RECORDED INFORMATION »

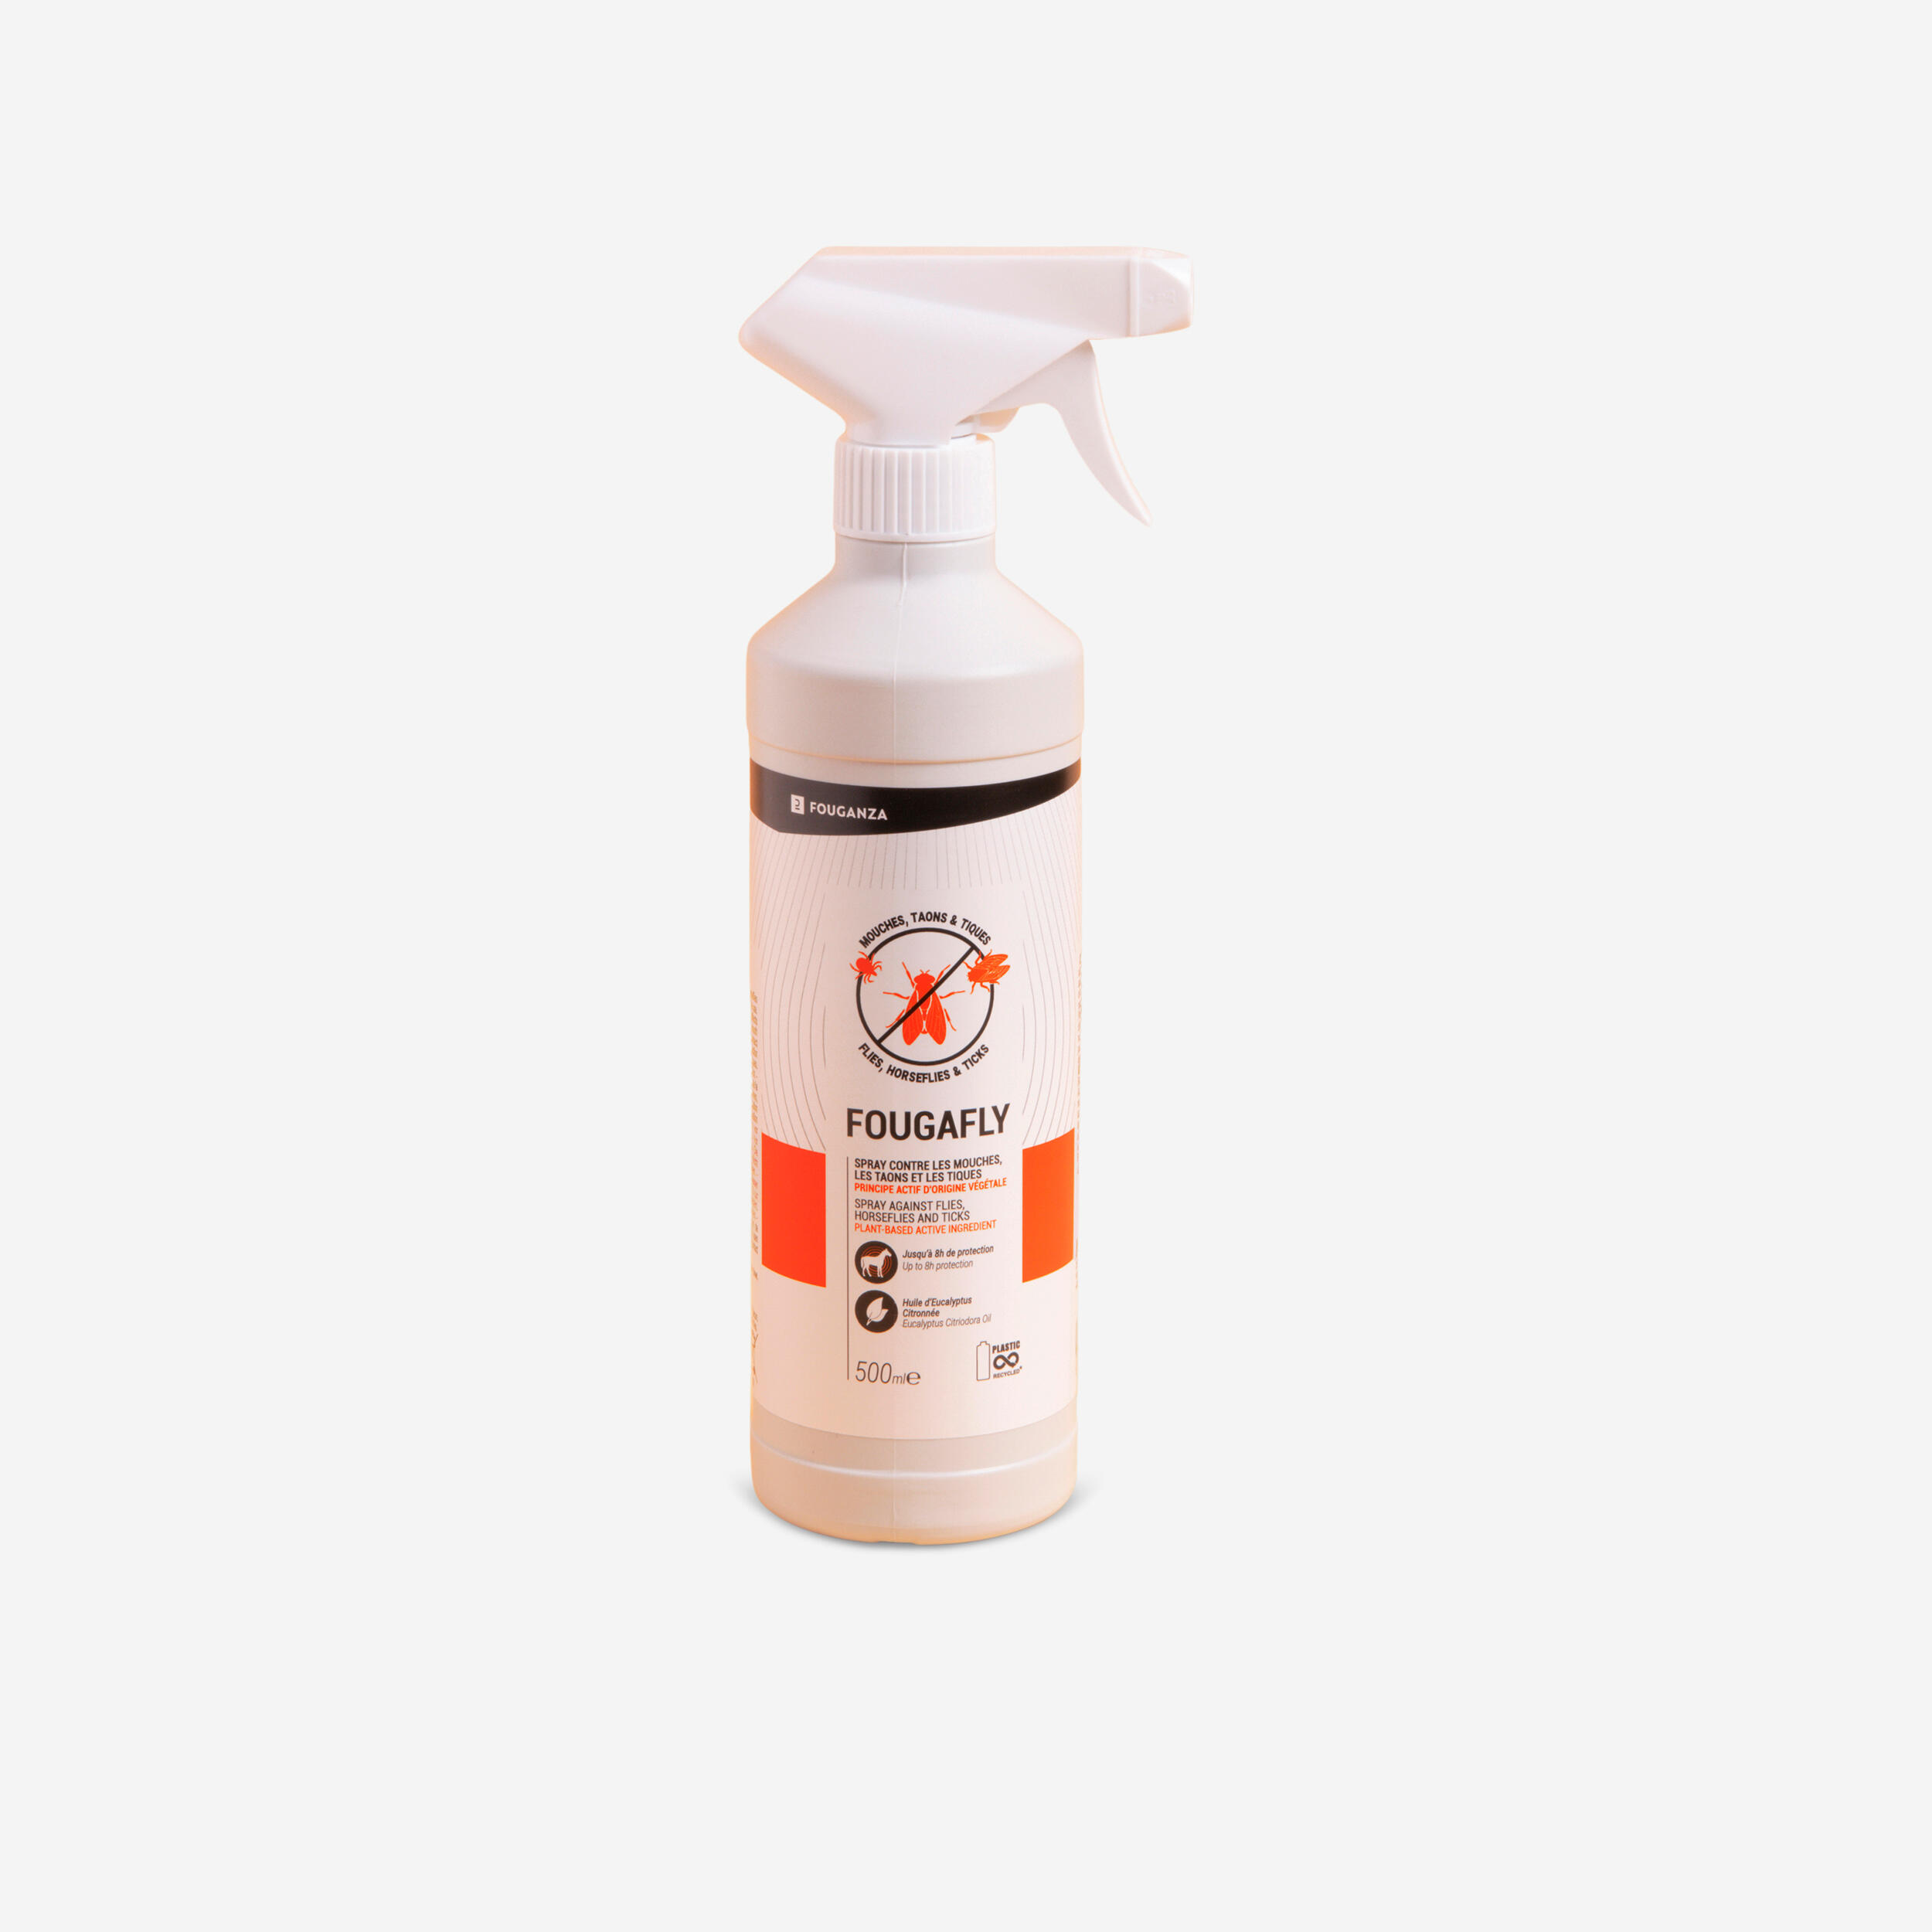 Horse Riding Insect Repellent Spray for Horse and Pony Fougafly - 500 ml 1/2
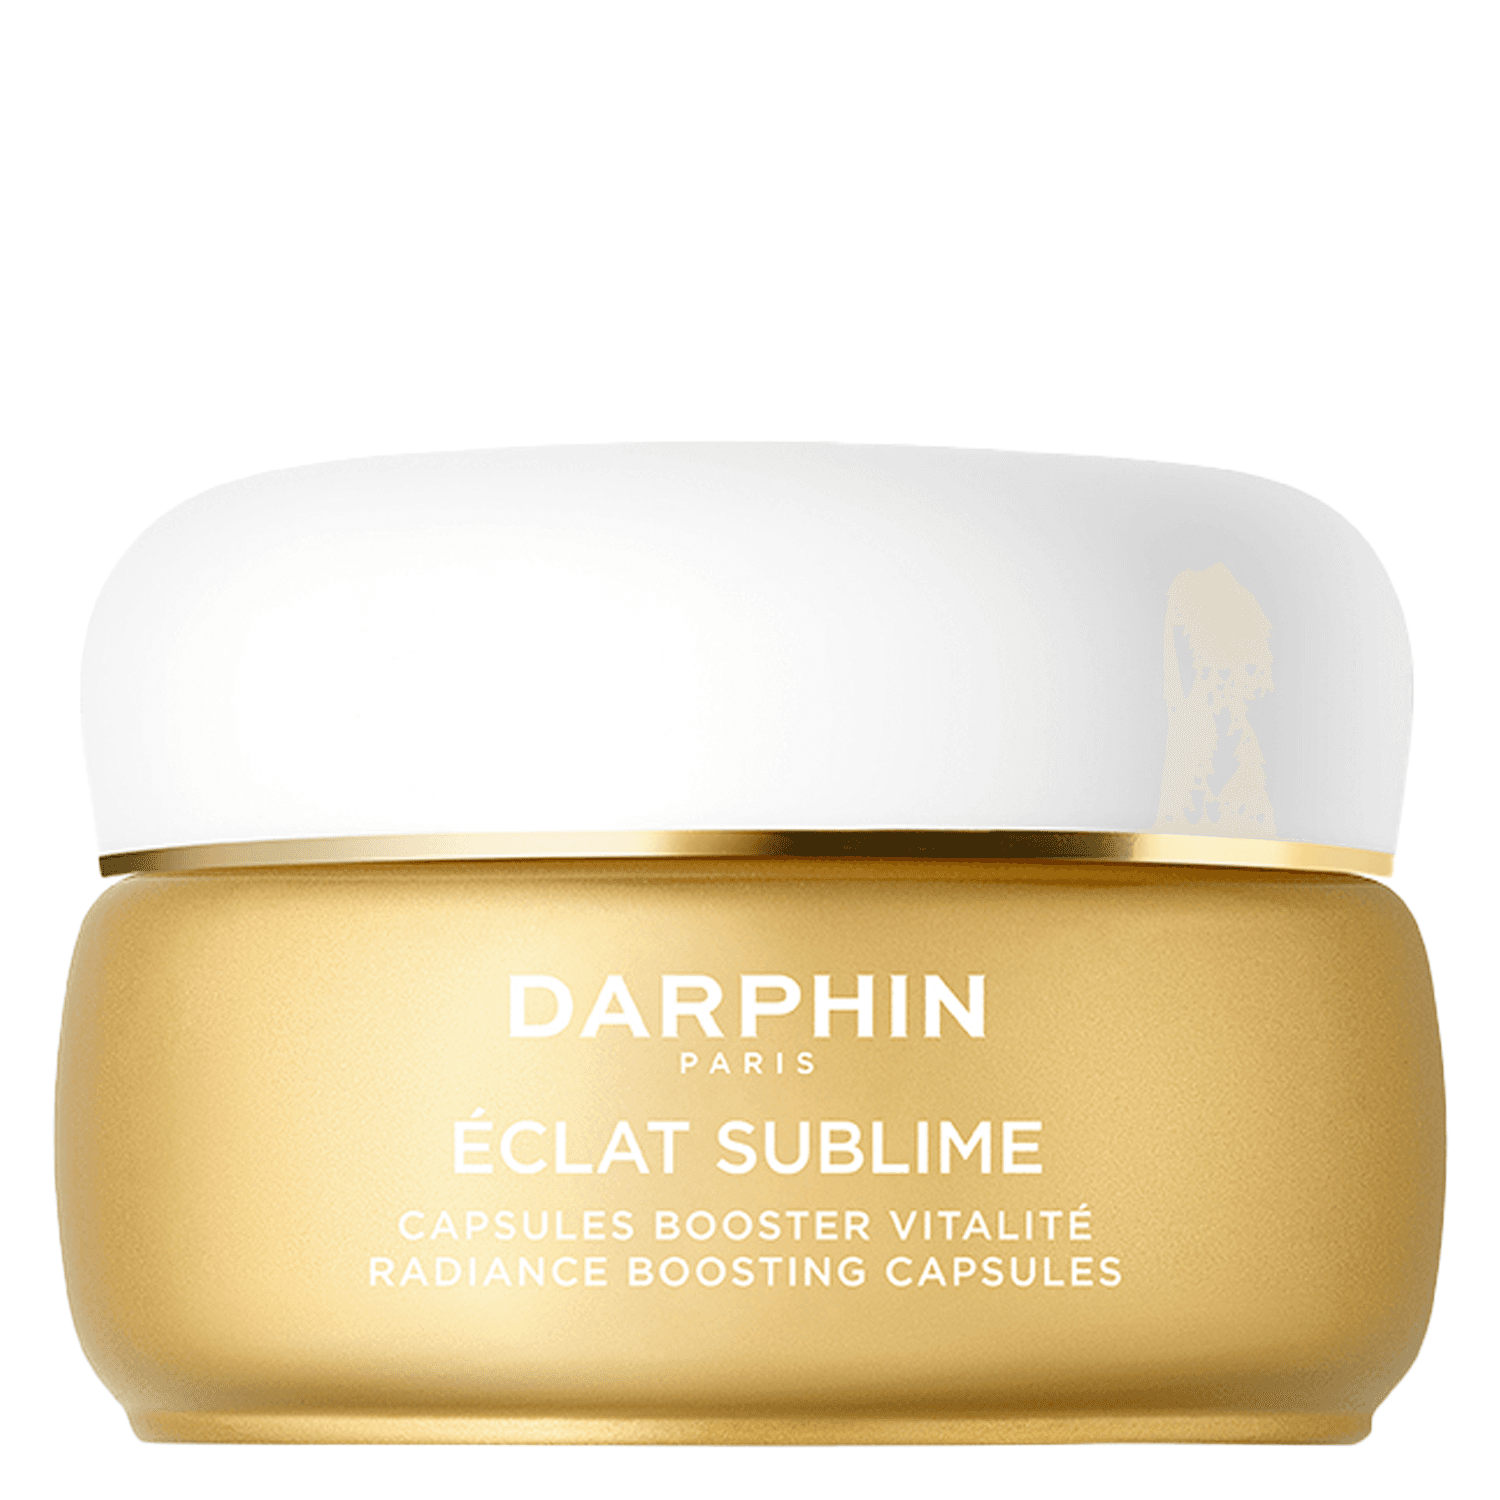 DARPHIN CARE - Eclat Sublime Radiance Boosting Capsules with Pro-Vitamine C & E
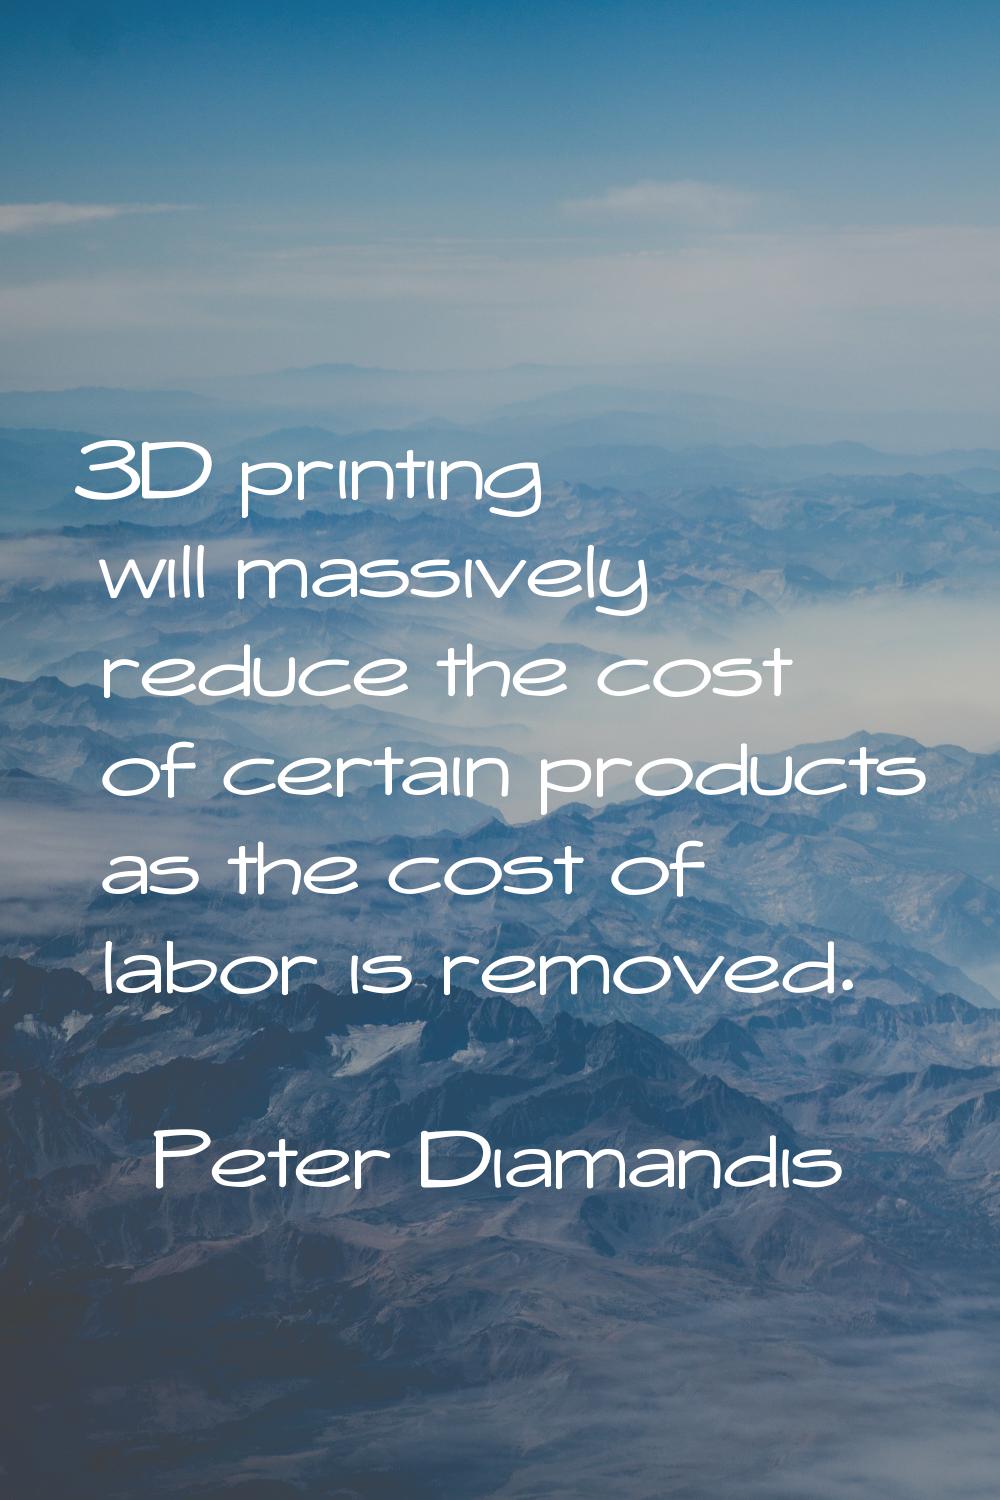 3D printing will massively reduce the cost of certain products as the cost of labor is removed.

EXERCISE INSTRUCTIONS »
The job is to return the listing above exactly, minus its pictures.

RESULT FOR THIS EXERCISE »
 Horse Riding Insect Repellent Spray for Horse and Pony Fougafly - 500 ml 1/2
 DARPHIN CARE - Eclat Sublime Radiance Boosting Capsules with Pro-Vitamine C & E
 3D printing will massively reduce the cost of certain products as the cost of labor is removed.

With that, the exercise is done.